■ Task to complete
Here is a listing, set out below; repeat its lines from the one with "Sko Nike Blazer Low för barn" to the last, both included, and leave out the pictures.

■ Given information
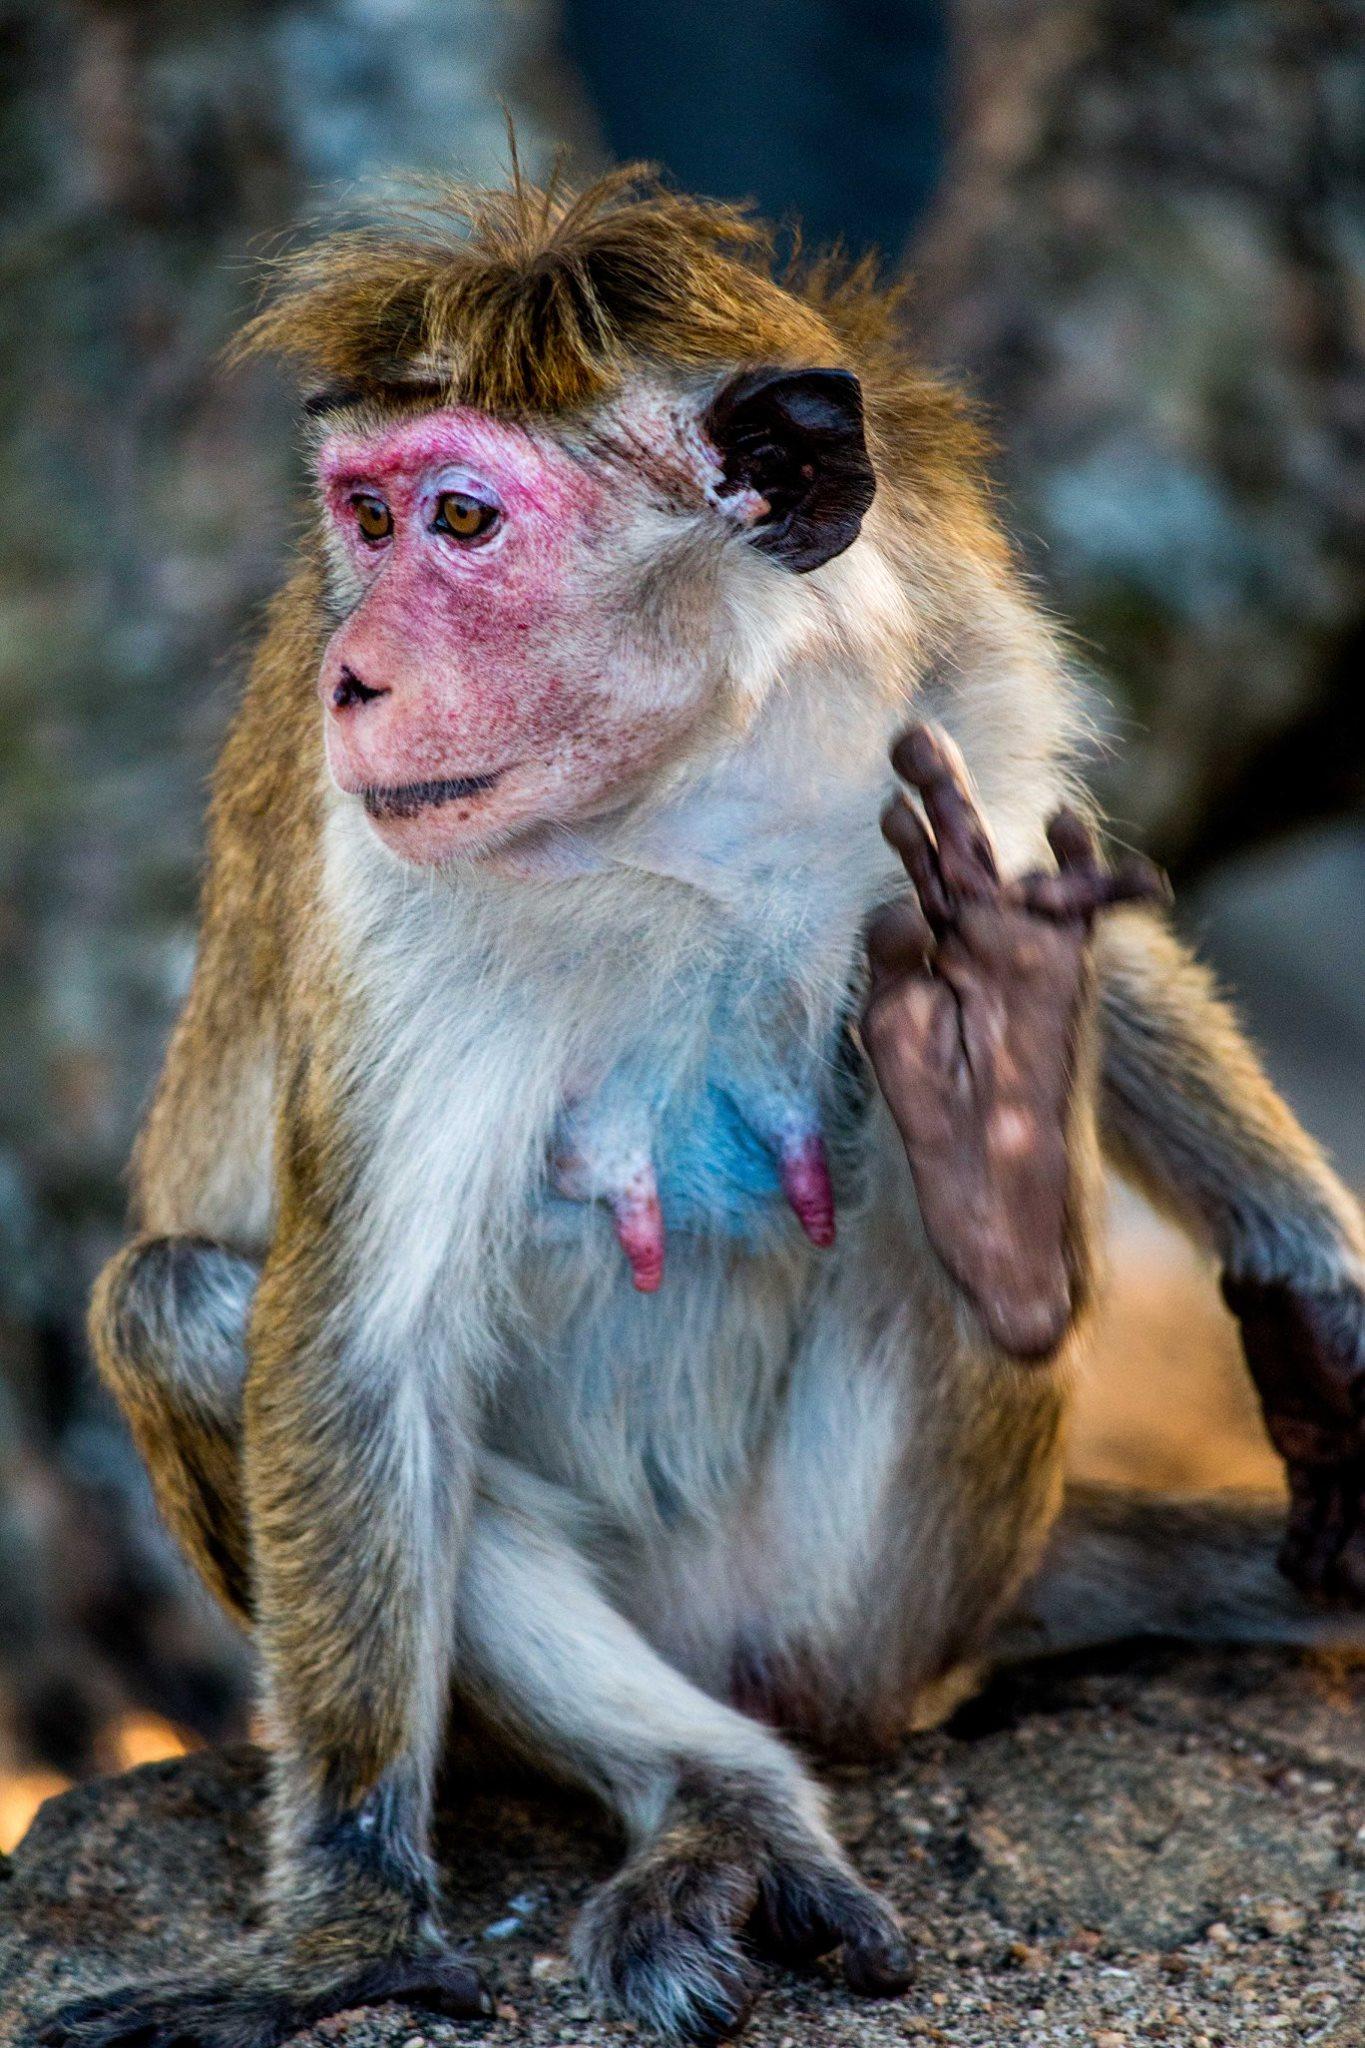 invite-to-paradise-sri-lanka-and-maldives-specialists-travel-agent-tour-operator-customer-review-feedback-joel-rhian-monkey-3.jpg
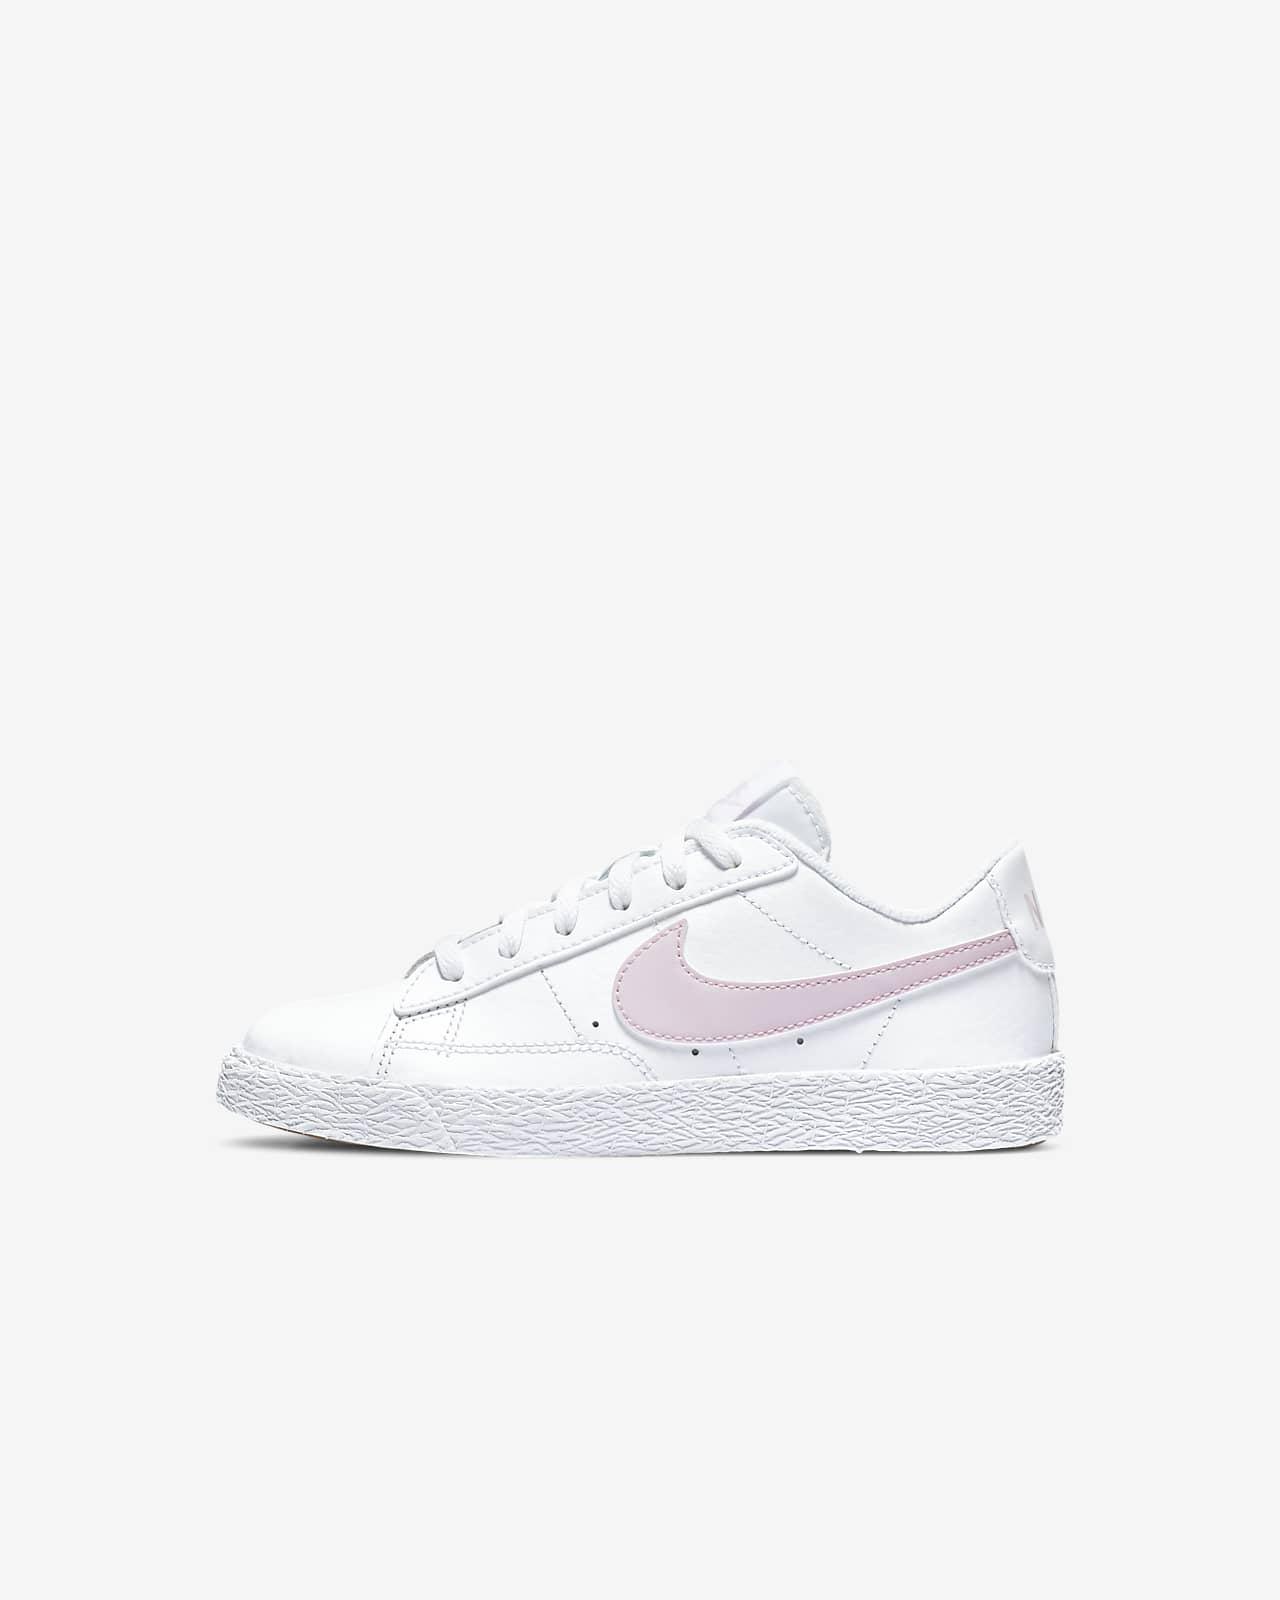 Sko Nike Blazer Low för barn
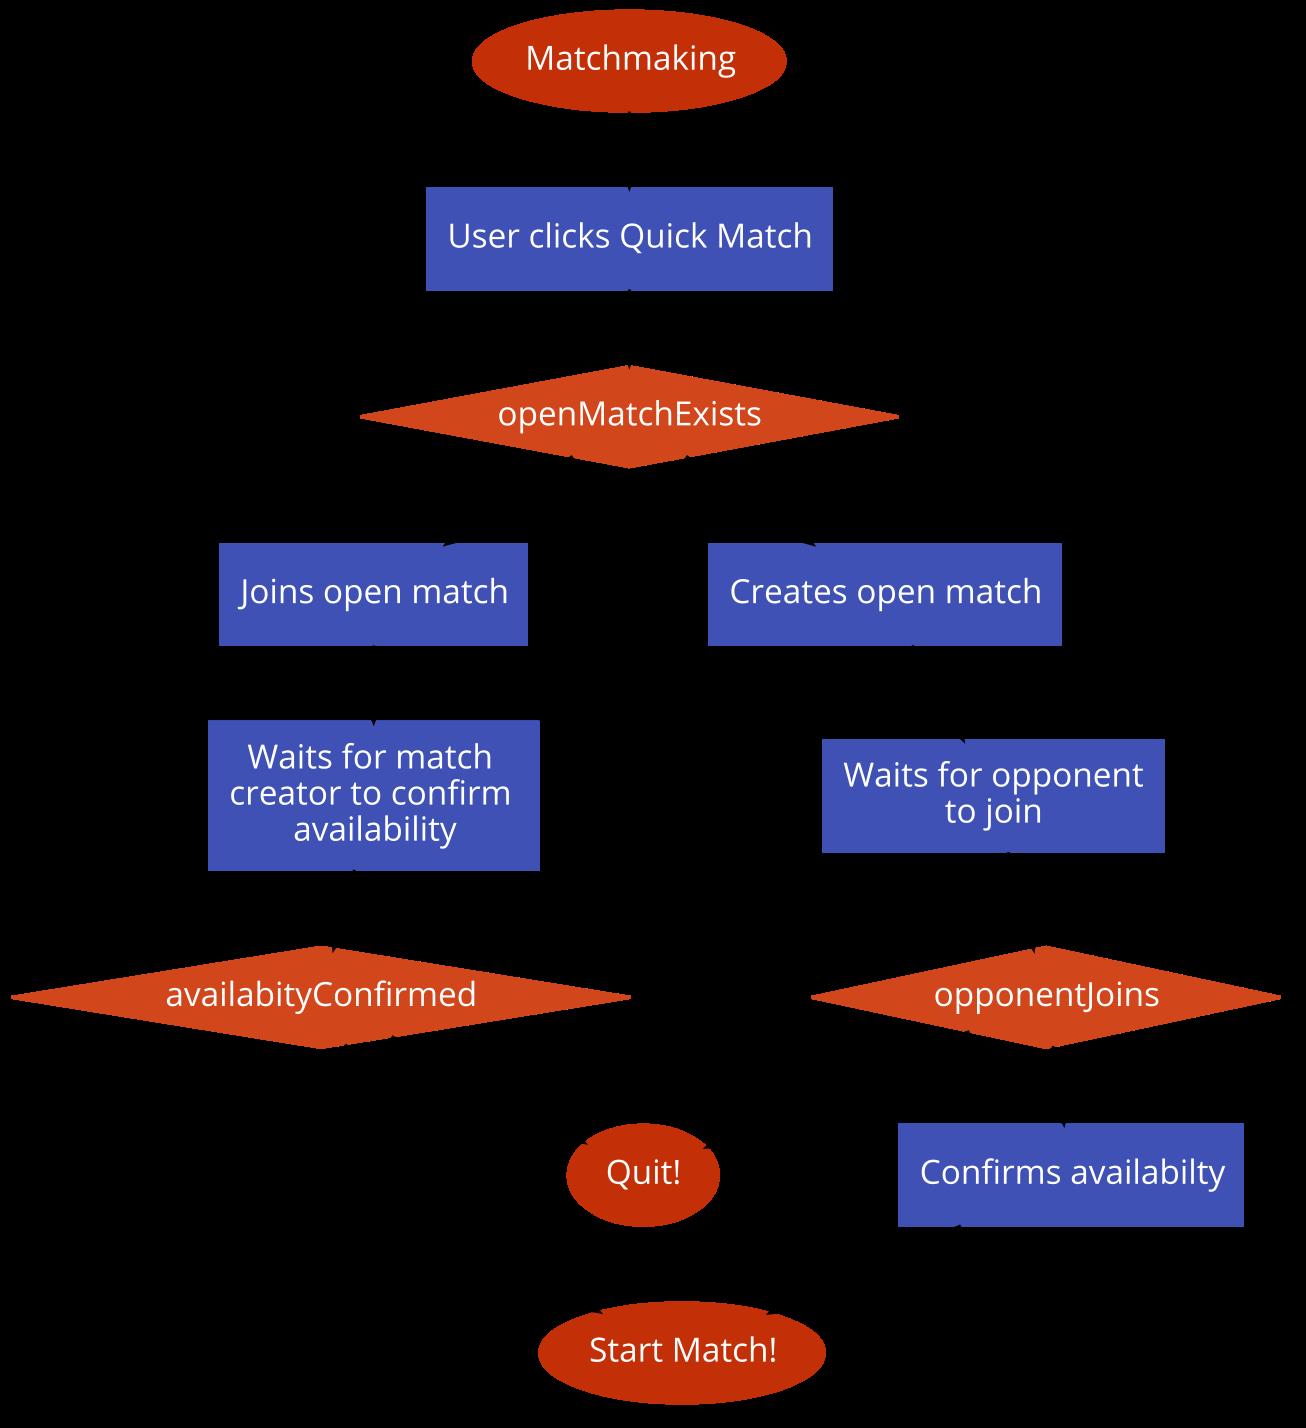 Matchmaking flow
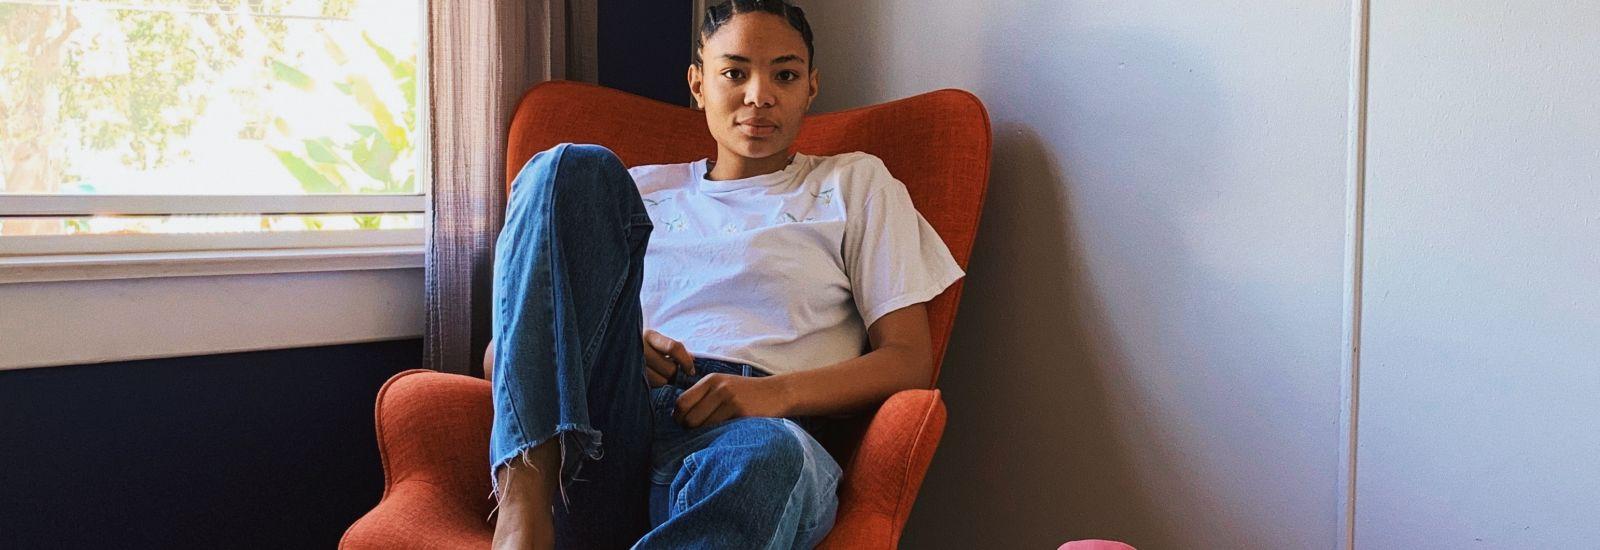 person sitting on chair. Credits: Monique Rangell-Onwuegbuzia via Unsplash

■ Response
 Sko Nike Blazer Low för barn
 Matchmaking flow
 person sitting on chair. Credits: Monique Rangell-Onwuegbuzia via Unsplash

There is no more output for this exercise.